I literally got a white t shirt and shorts that don't even feel like shorts because they reach below the knee for some odd reason. Also white. 

Why do I feel like Young Sook?

That one psycho girl from 2020 film "The Call"



But she's also similar to Light...

Psychopathic...

Good guys until not...

Hot...

Scary...

And extremely...evil...

I only look like her because I'm wearing the exact same thing as her when she was locked up in her house with her step mom. 

It's always gotta be the step mom. Kinda irks me imma be real. 

Why the fuck do I keep yapping bro? I'm sorry Cuh. Maybe because I'm bored and having an inner monologue when there's nothing happening with me.

Since I'm boring as hell, and I have nothing going for me. 

I tend to sneak into the corner and with paper I sneaked in I drew random things. 

I just sat there. Thinking about anything close to mildly entertaining. 

Music

My current boyfriend(?) 

And how he felt inside me-

And anything else. 

I slightly rubbed my thighs together. Dawg I cannot risk getting caught being horny. 

No way Jose. 


I laid on my cot, making direct eye contact with the camera.


Garam: 씨발야!!!! I'm fucking bored!

L: I'm sorry, you have to be confined for a test...

Garam: I fucking hate Kira. And if I worked for him I would've been dead because I would been killed off by saying "no"!!!


I stood there, tears pricking my eyes. I've been through rough Idol training, but this majorly feels much worse, why am i here???

I held it in...just try-

I broke down crying, I feel so hopeless in here. It's all hopeless. 

I just wanted to protect my two friends...Minji Kim and Arianna Yang. And I feel like I even failed that.

I'm so sorry girls...I failed you guys...

I leaned against the wall, feeling like an odd failure.

But then again. People got worse lives than me no? People literally dying and shit like that. And to think I have to be here for 52 days...

My back was against the wall and I slid down to the floor.

I know I should be stronger, but I haven't mentally prepped myself for something like this. And this came quicker than expected. 

So go ahead and call me "Crybaby" but I have my own reasons. So listen up.

But for some reason, the nickname loops in my head...


"Crybaby", "Crybaby", "Crybaby", "Crybaby", "Crybaby"...

Is this truly me know?

Sorry this started light hearted but I can barely hold on. And I'm exhausted. I just need my friends. So looked up at the camera and asked,


Garam: Can I call a friend? I'll even allow you to listen to everything I'm saying...


The other line was silent for a second before he responded, the robotic and disturbing voice filling up my cell.


L: Only for 5 minutes. Once a week, 5 minutes.


I sighed in relief, thank you Beyonce! Though...I will admit I didn't expect him to say yes. Though I gotta be grateful he did. 

Thank you Beyonce!

I grabbed the phone provided for me and mindlessly punched in Minji's number.

And waited...


Minji: HOE WHERE THE FUCK ARE YOU?!

Garam: Sorry...investigation...

Minji: For what?

Garam: I was suspected of doing something worse than drugs but better than a sexual crime...
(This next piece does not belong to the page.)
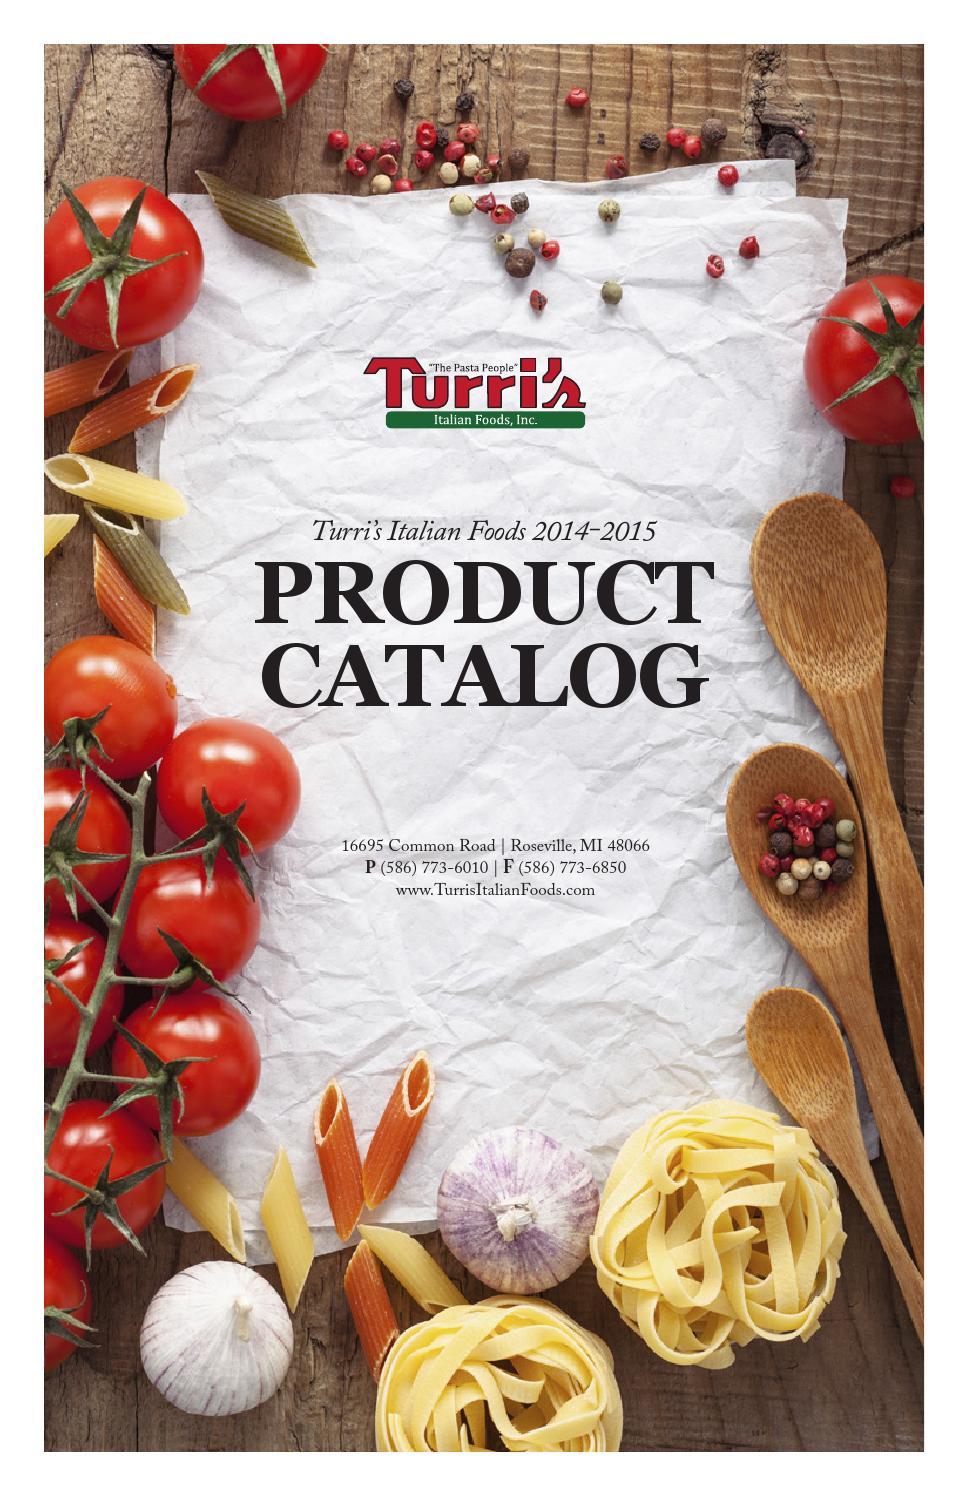 Turri\'s Product Catalog 2014-2015 by Turri\'s Italian Foods - issuu

Ari: We're you accused of being Kira?

Garam: Yeah, but after this I may not mentally recover- IS THAT ARI?!

Ari: Yeah that's me...

Garam: I FUCKING MISSED YOU!!!!!!!!!

Minji: Hey! What about me?!

Garam: Dumb ass, I miss you too 👹👹

Minji: Thank you mwah. 

Ari: So what happened?

Garam: I'm under investigation. Like L has better things to do. He has "Brother's Home" in South Korea!

Ari: Oh...holy shit. Well, does he have any evidence against you?
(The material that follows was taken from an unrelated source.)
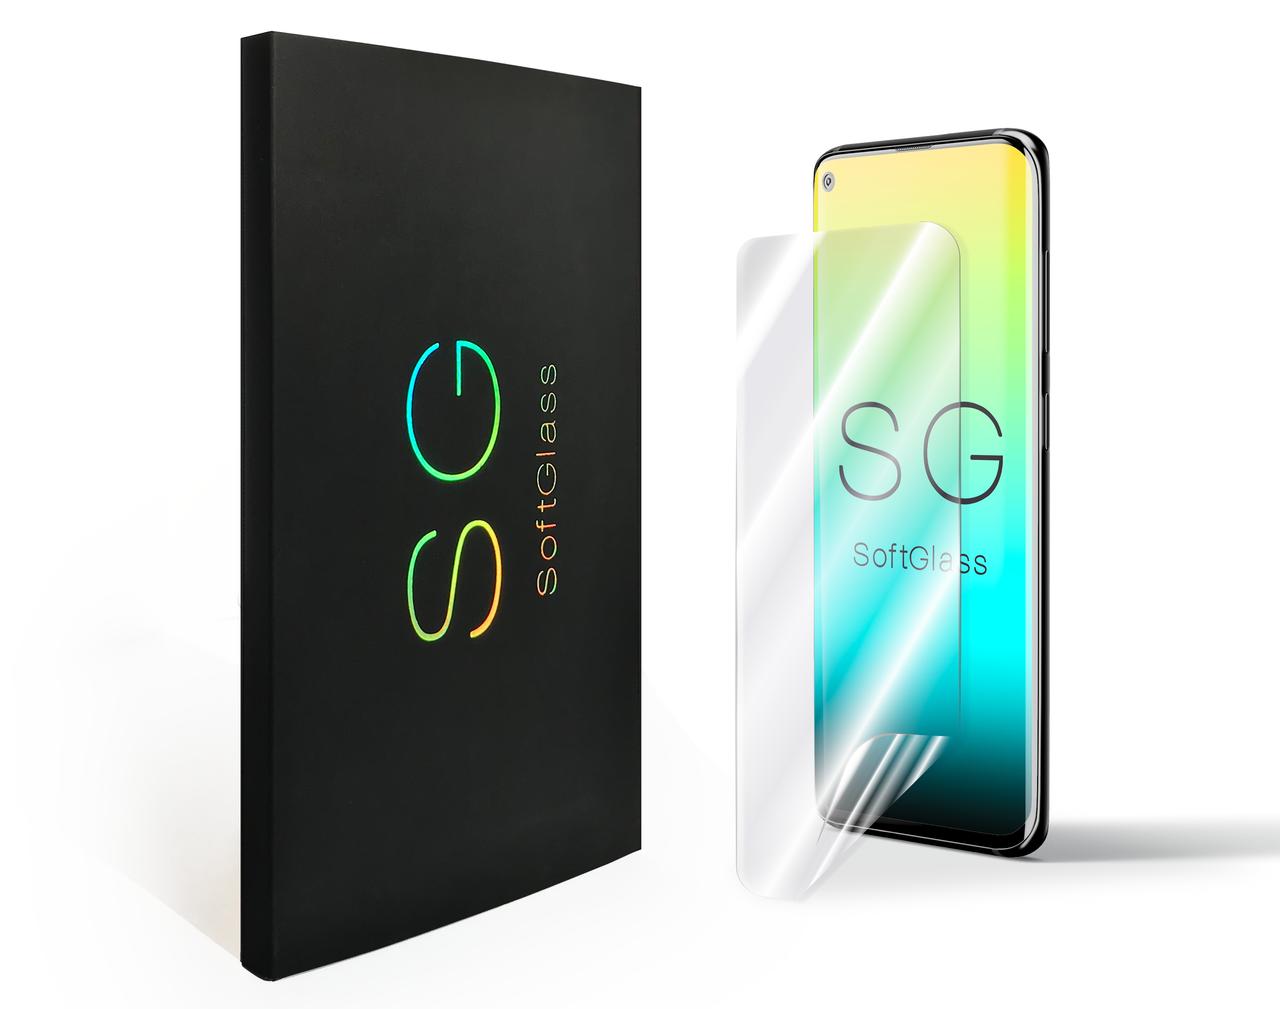 Мягкое стекло Samsung G355 SoftGlass Экран

Garam: His words? "Youre under arrest and investigated because your old clothes were discarded when you went out to meet Kira near Osaka with the Second one", like pfft? How much do yall wanna bet that both Kiras are old men who aren't chronically online???

Minji: ㅋㅋ, like 50 won.

Garam: Well I gotta go. I have a time limit

Minji: I hope you get it soon

Ari: Same, I miss you so much.

Garam: Aw baby :(


I then hung up and gave the phone back to Matsuda.


Garam: Thank you sir...

Matsuda: No problem.


He gently but awkwardly smiled and he walked away. 

Glad i got someone on my side when I'm alone in this cell...




















1058 words



Fun fact: Brother's Home is where people were kidnapped and forced to play children's games or they died. Which inspired most of Squid Game.